State Update Example:

The scanner updates the state machine when establishing a connection:

wshawk/scanner_v2.py:77-85

async def connect(self):
    """Establish WebSocket connection"""
    try:
        ws = await websockets.connect(self.url, additional_headers=self.headers)
        self.state_machine._update_state('connected')
        return ws
    except Exception as e:
        Logger.error(f"Connection failed: {e}")
        return None

Sources: wshawk/scanner_v2.py:44, wshawk/scanner_v2.py:77-85

YAML-Based Authentication Sequences

The session state machine supports loading complex authentication sequences from YAML files.
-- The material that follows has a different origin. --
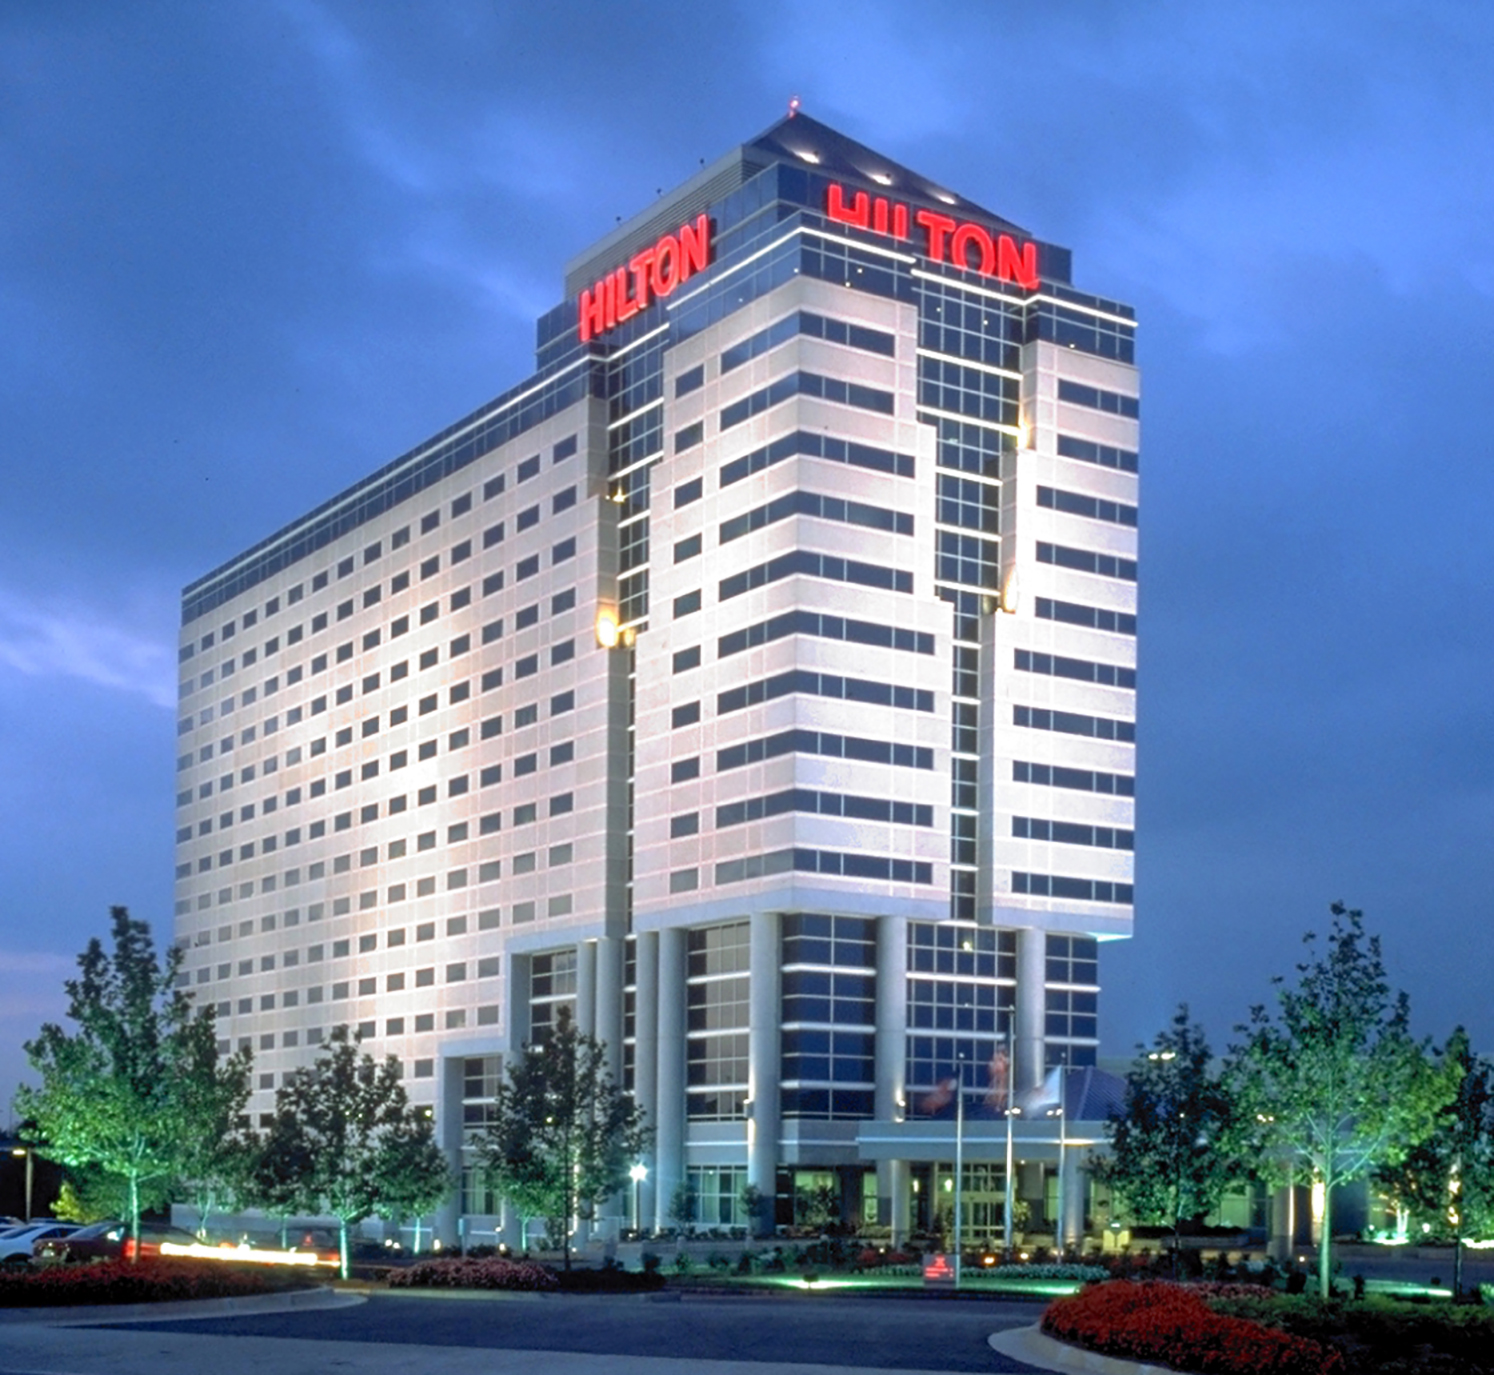 Atlanta Airport Hilton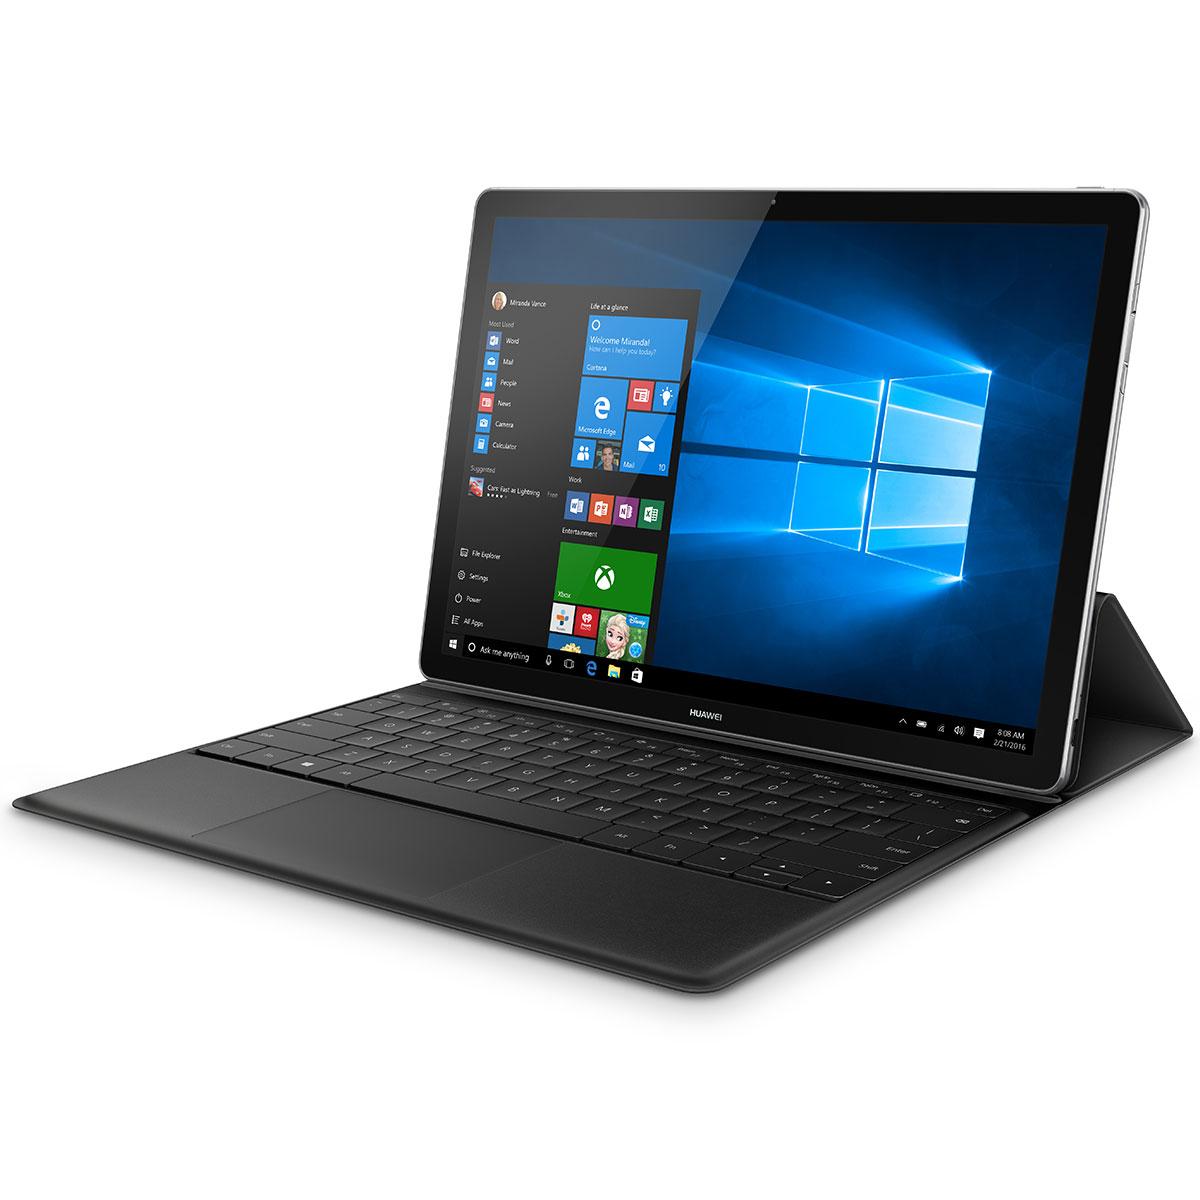 Ноутбук Lenovo IdeaPad 320-15AST (80XV00J2RK) 15.6'' HD/AMD A9-9420 (3.00GHz)/8GB/1TB/R520M 2GB/DVD нет/WiFi/BT/Win 10/Black

This enables testing WebSocket endpoints that require multi-step authentication flows before vulnerability testing can begin.

graph TB
    subgraph "Authentication Configuration"
        YAMLFile["auth_sequence.yaml<br/>(User-provided)"]
        Parser["PyYAML Parser"]
        Sequence["Authentication Steps<br/>(ordered list)"]
    end
    
    subgraph "SessionStateMachine"
        Loader["load_sequence_from_yaml()<br/>scanner_v2.py:62"]
        StateTracker["Internal State Tracking"]
        Executor["Execute auth steps<br/>before testing"]
    end
    
    subgraph "WSHawkV2 Scanner"
        Init["__init__() with<br/>auth_sequence parameter"]
        Connect["connect()"]
        Learning["learning_phase()"]
        Testing["test_*_v2() methods"]
    end
    
    YAMLFile --> Parser
    Parser --> Sequence
    Sequence --> Loader
    
    Init -->|"if auth_sequence"| Loader
    Loader --> StateTracker
    StateTracker --> Executor
    
    Executor --> Connect
    Connect --> Learning
    Learning --> Testing
    
    style Loader fill:#e8e8e8
    style YAMLFile fill:#f0f0f0

Code Integration:

The authentication sequence is loaded during scanner initialization if provided:

wshawk/scanner_v2.py:60-62

# Load auth sequence if provided
if auth_sequence:
    self.state_machine.load_sequence_from_yaml(auth_sequence)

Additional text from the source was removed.